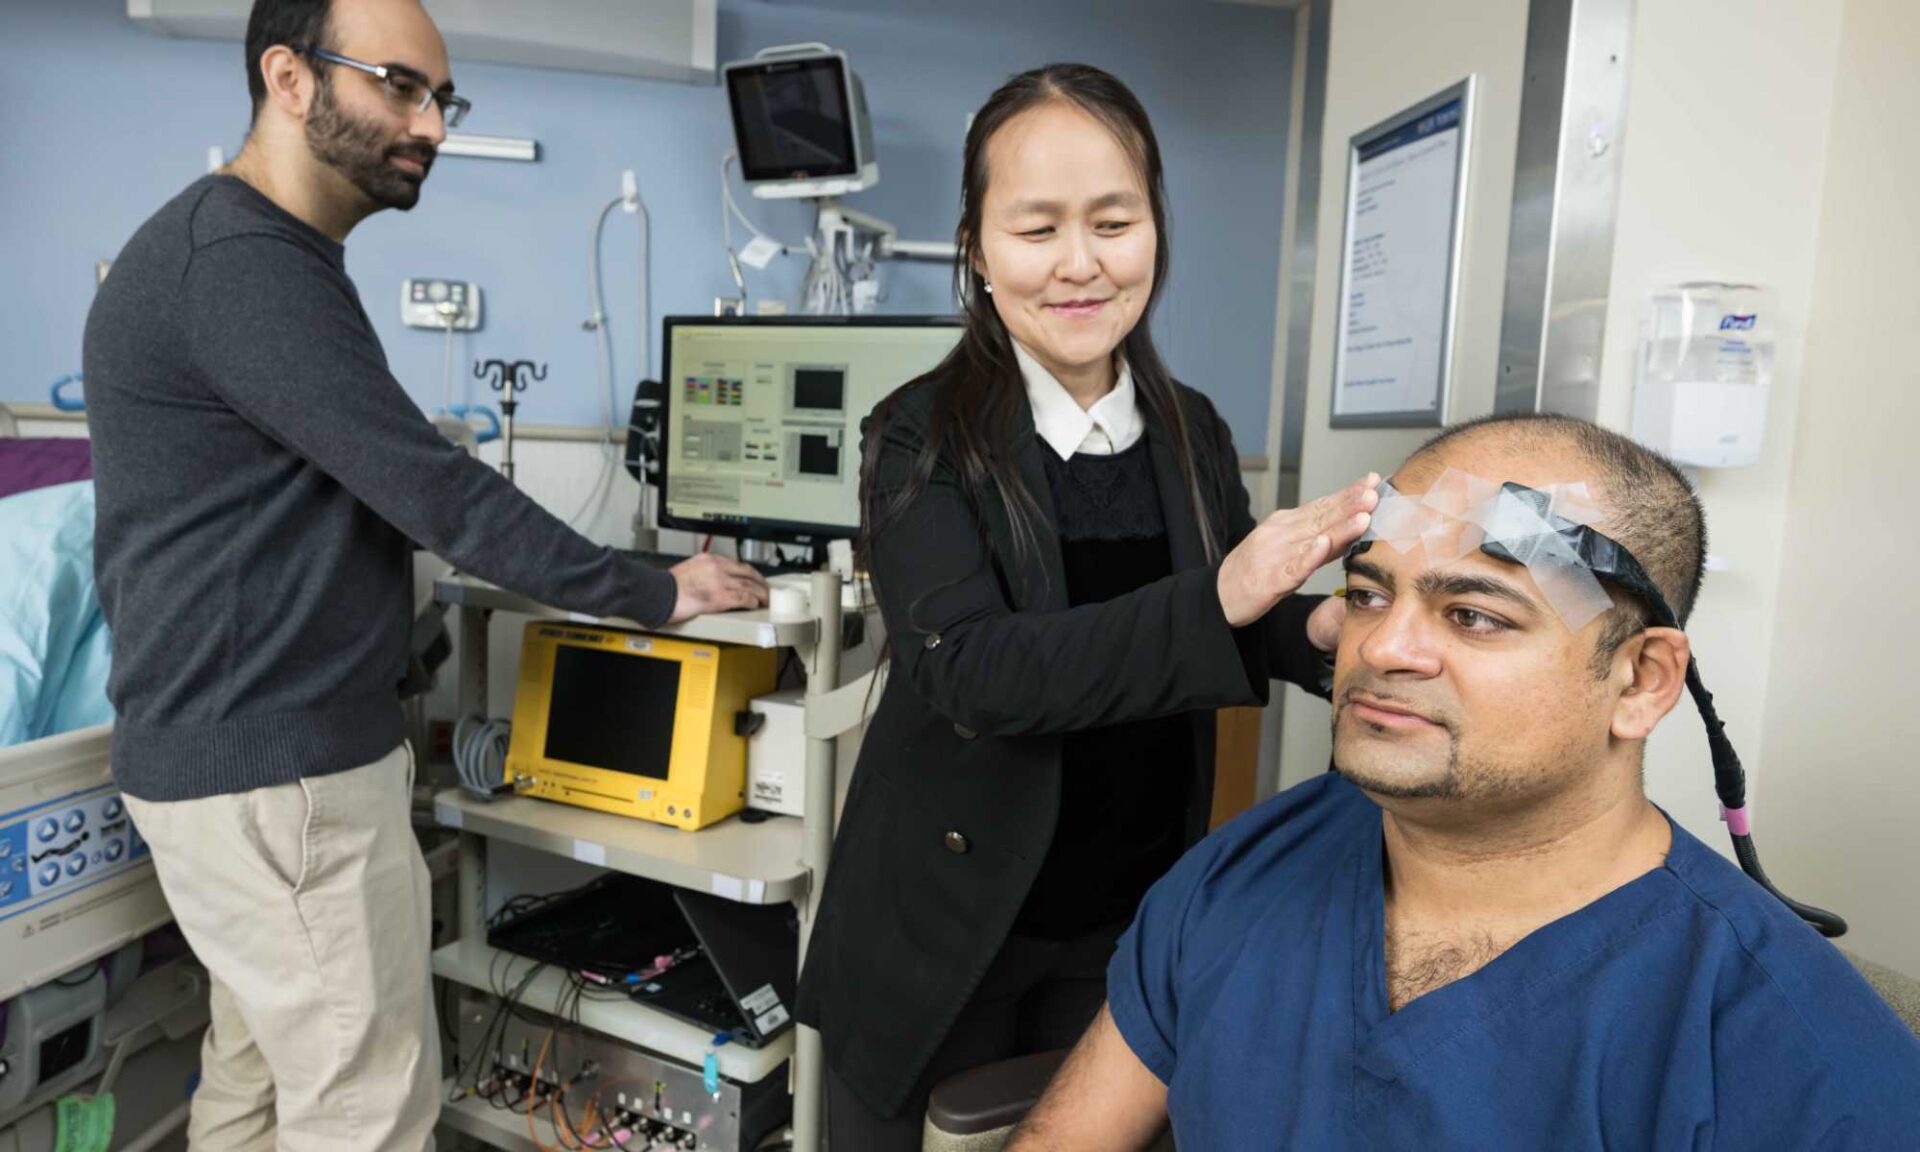 Two researchers and a participant demonstrate how multiple devices linked together can evaluate different aspects of the brain’s health during extracorporeal membrane oxygenation (ECMO) therapy.
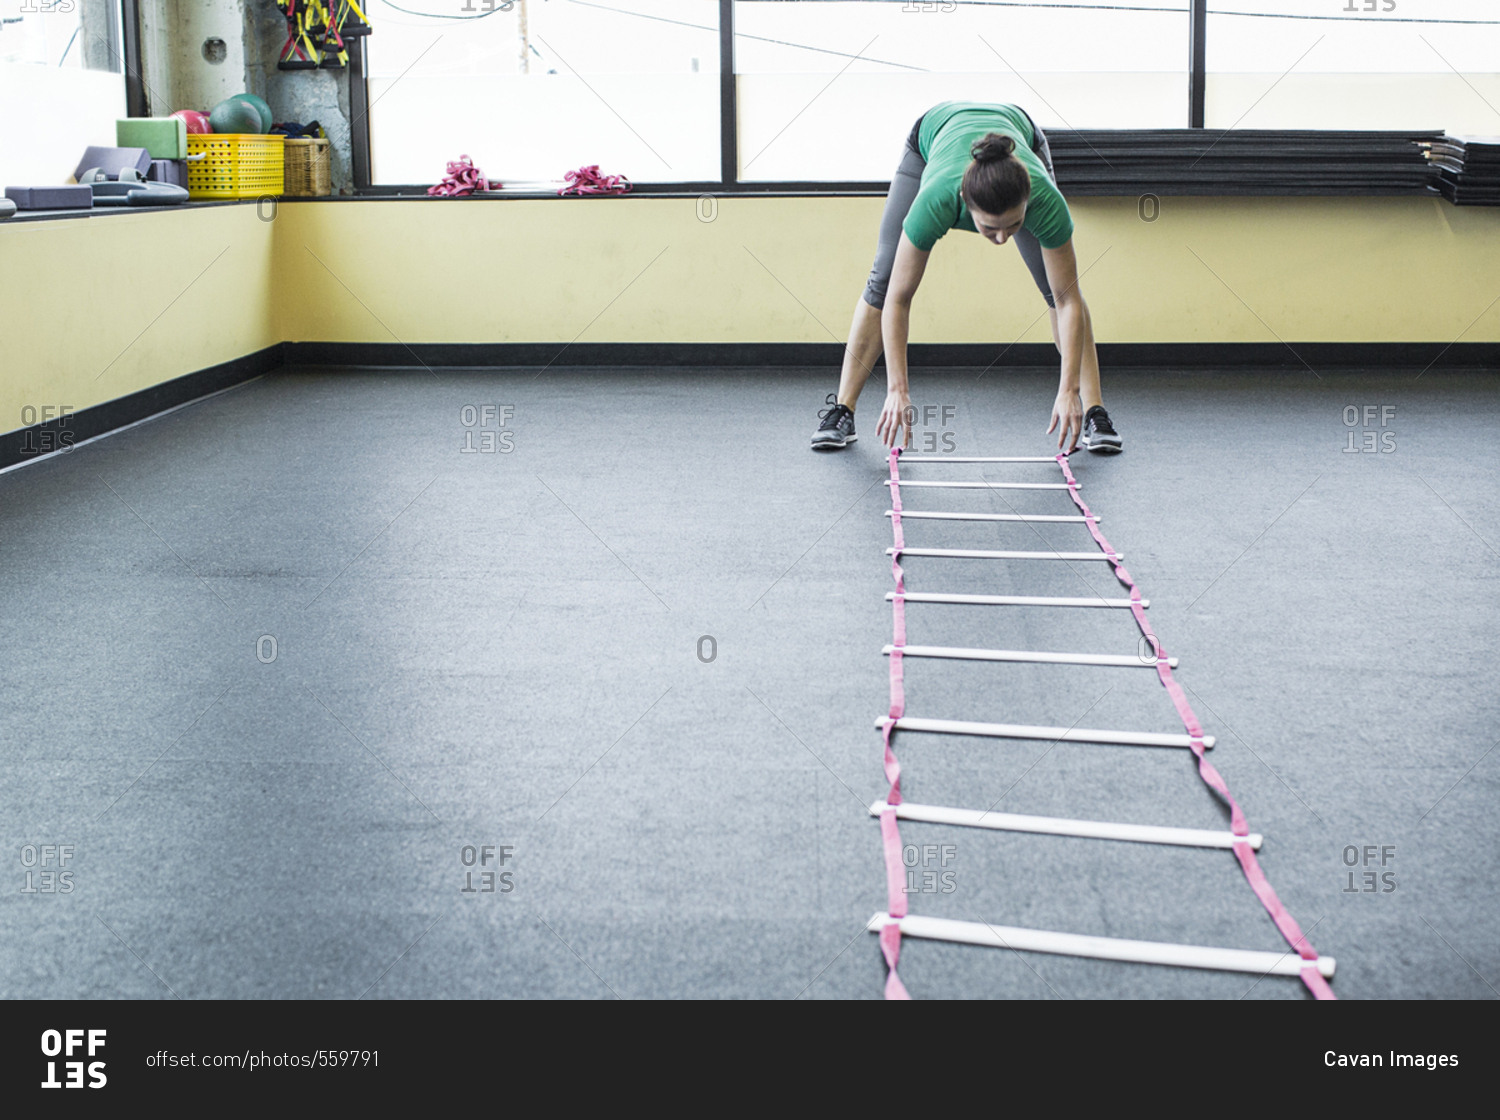 Instructor placing agility ladder on floor in gym
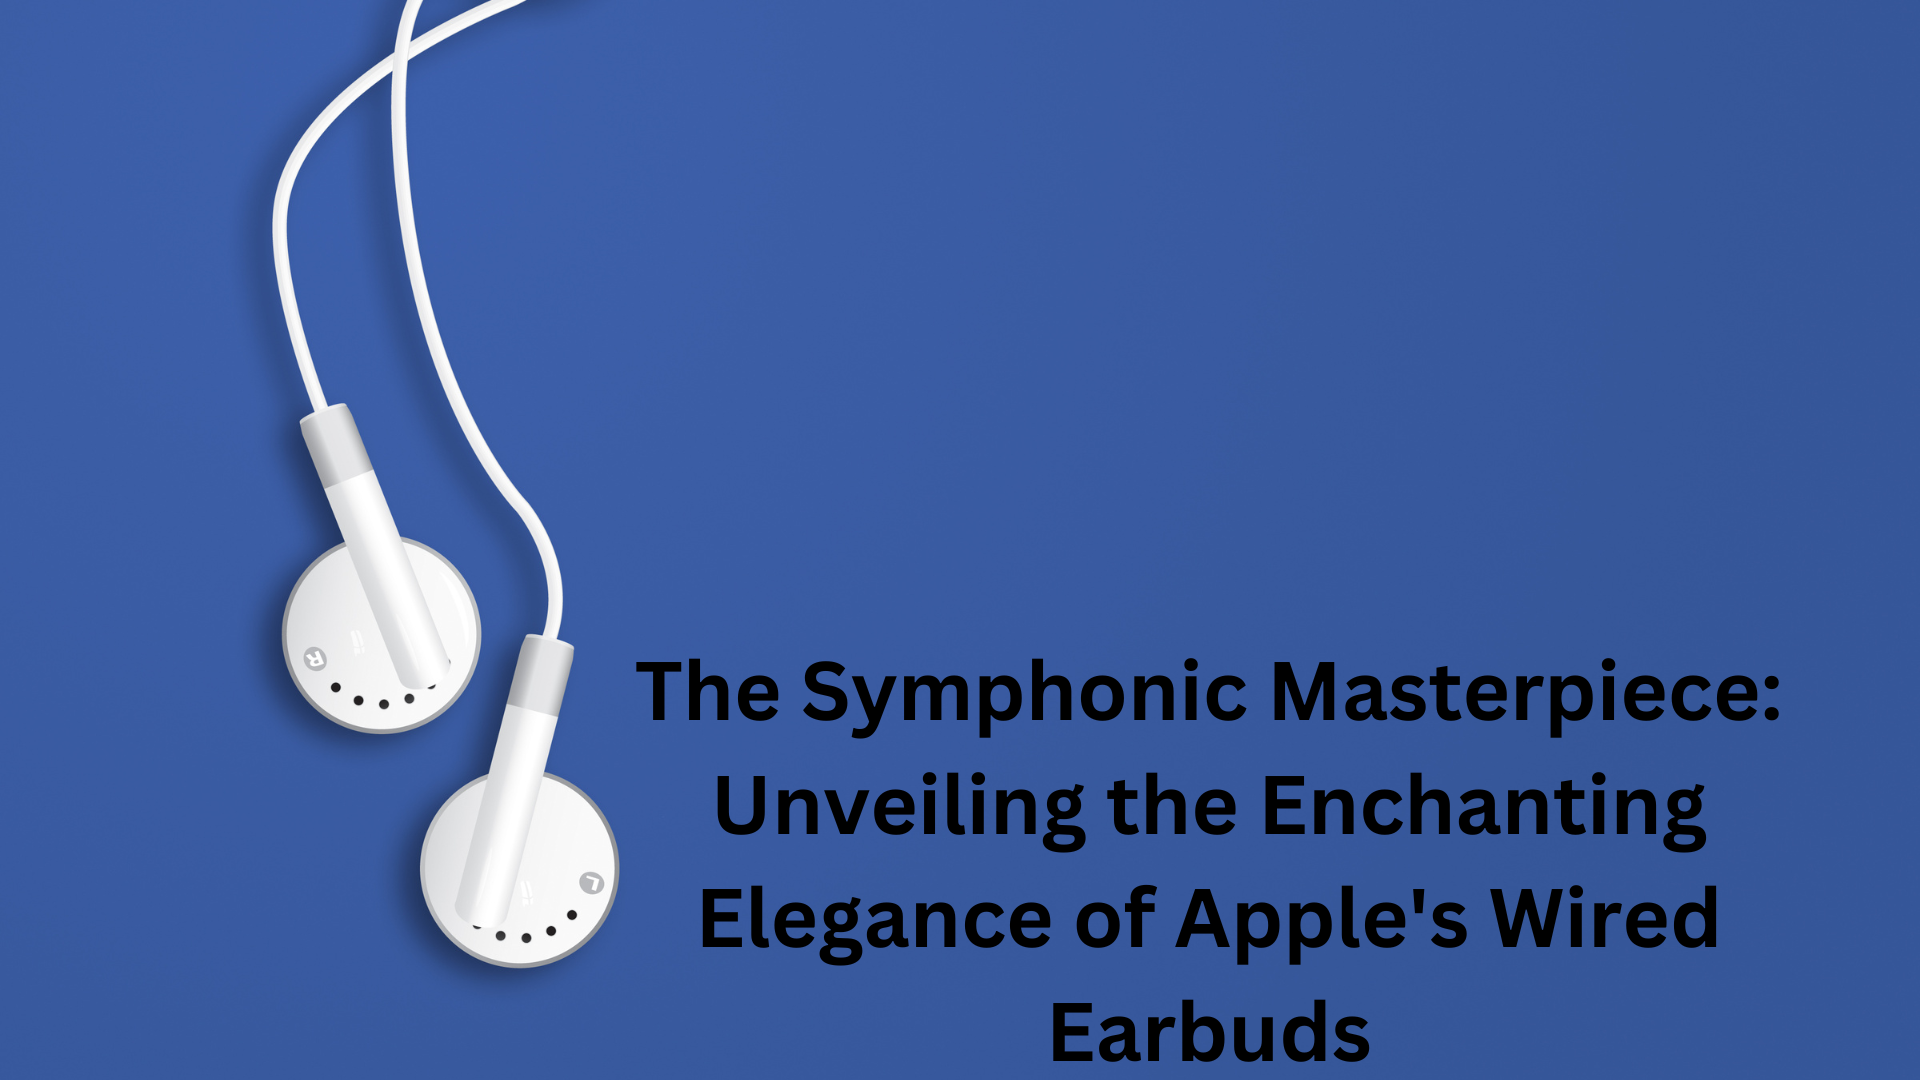 Unveiling the Enchanting Elegance of Apples Wired Earbuds
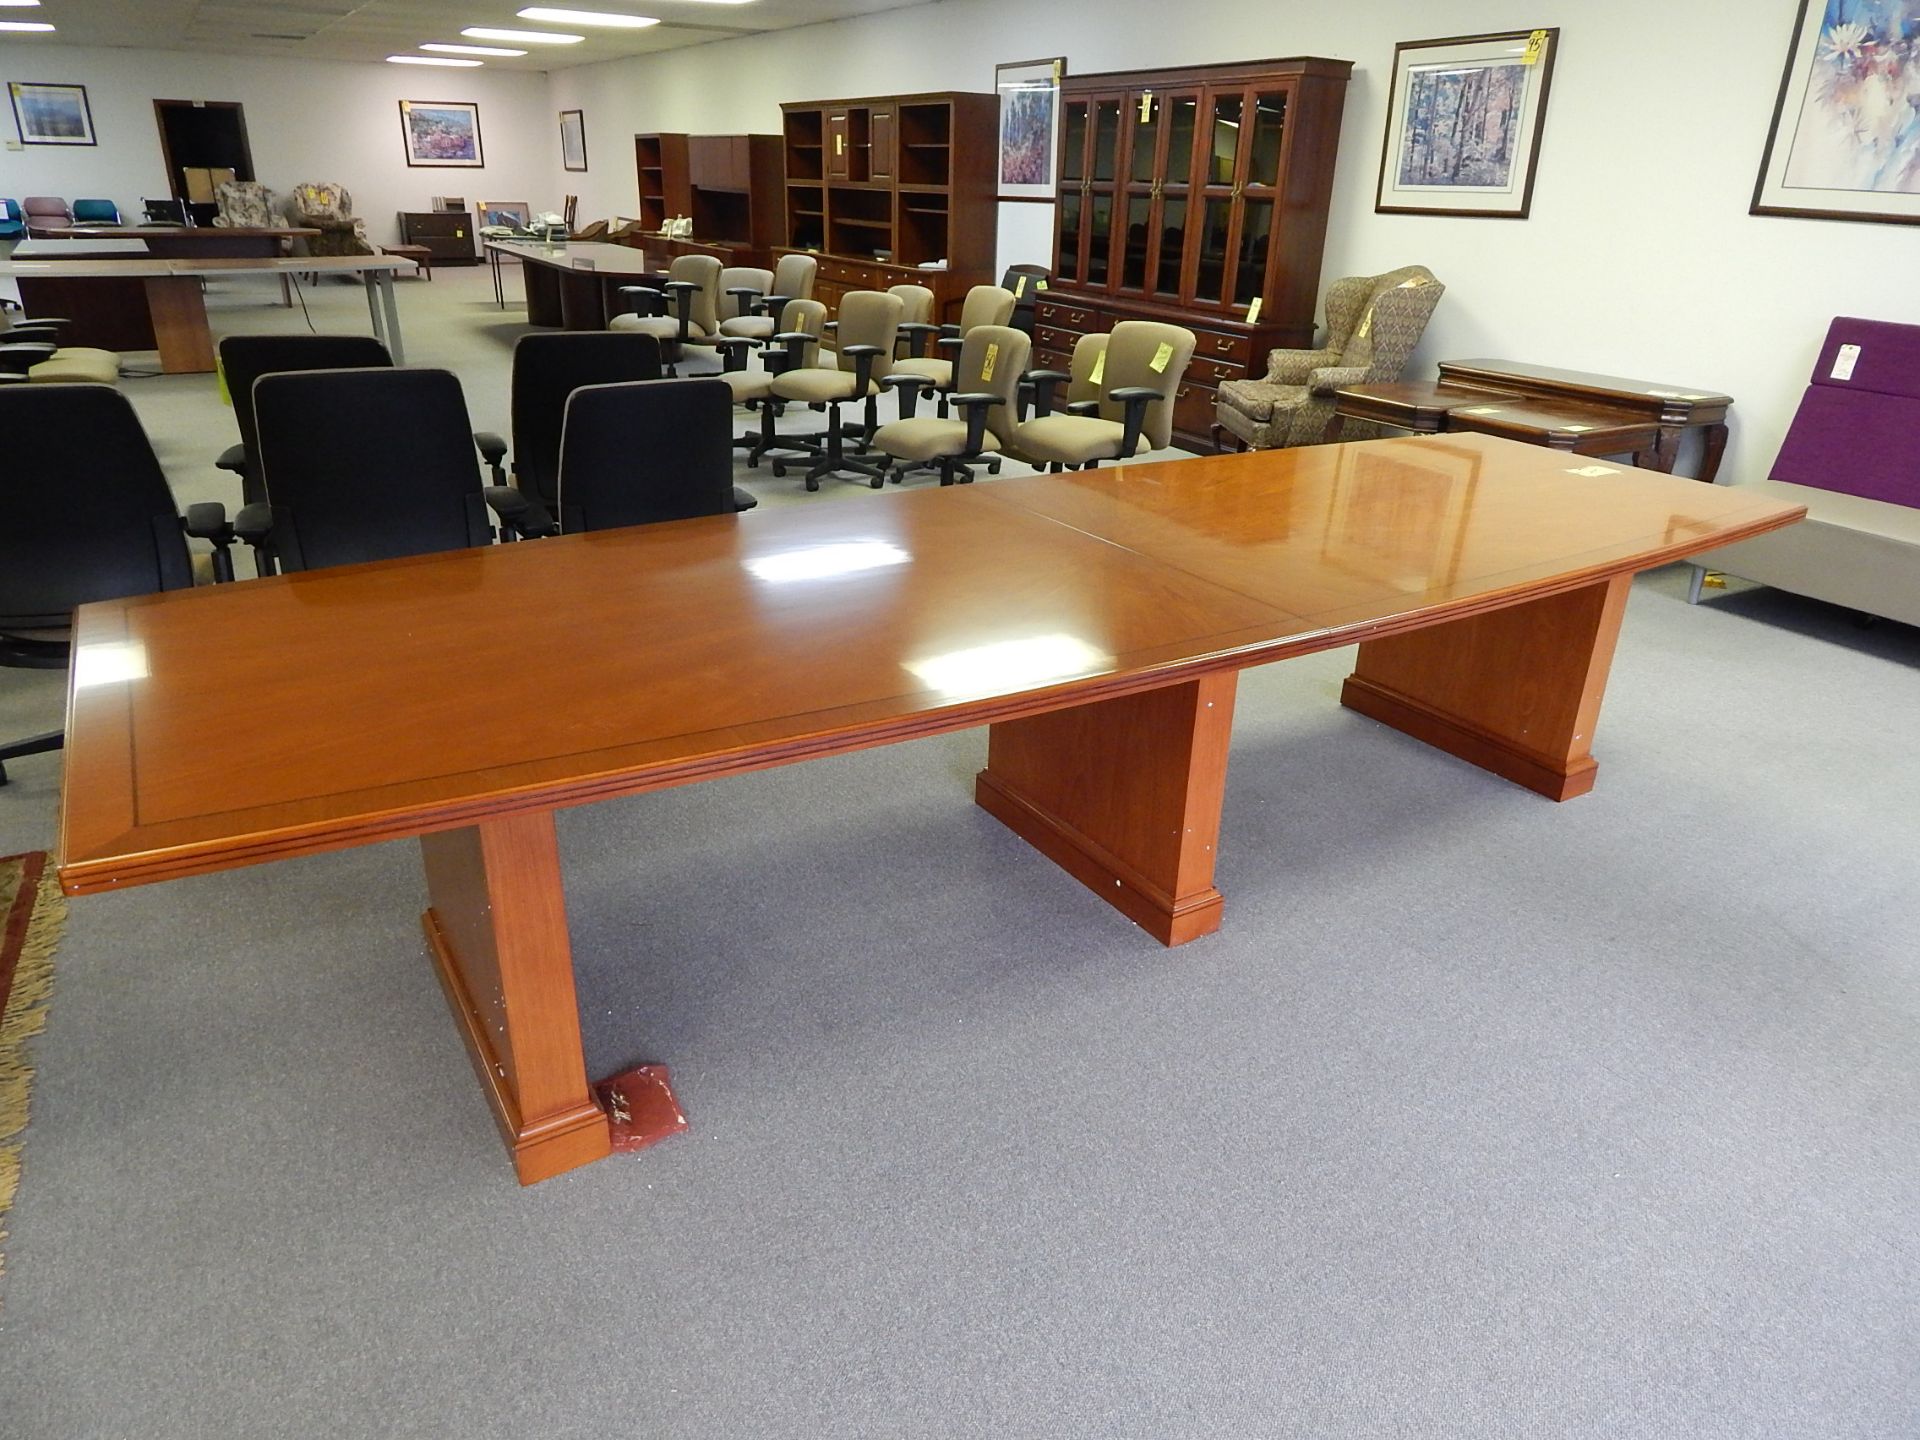 Sunburst Belmont Series 12' Boat-Shaped Conference Table, Executive Cherry, Model 7130-98, 48" W x

^^^^^^^^

> _Work instruction_: Nothing but the lines from the line containing "Unveiling the Enchanting" through the last line of the material may be output, and they must be copied exactly, without pictures.

> _Task solution_:
 Unveiling the Enchanting Elegance of Apples Wired Earbuds
 Sunburst Belmont Series 12' Boat-Shaped Conference Table, Executive Cherry, Model 7130-98, 48" W x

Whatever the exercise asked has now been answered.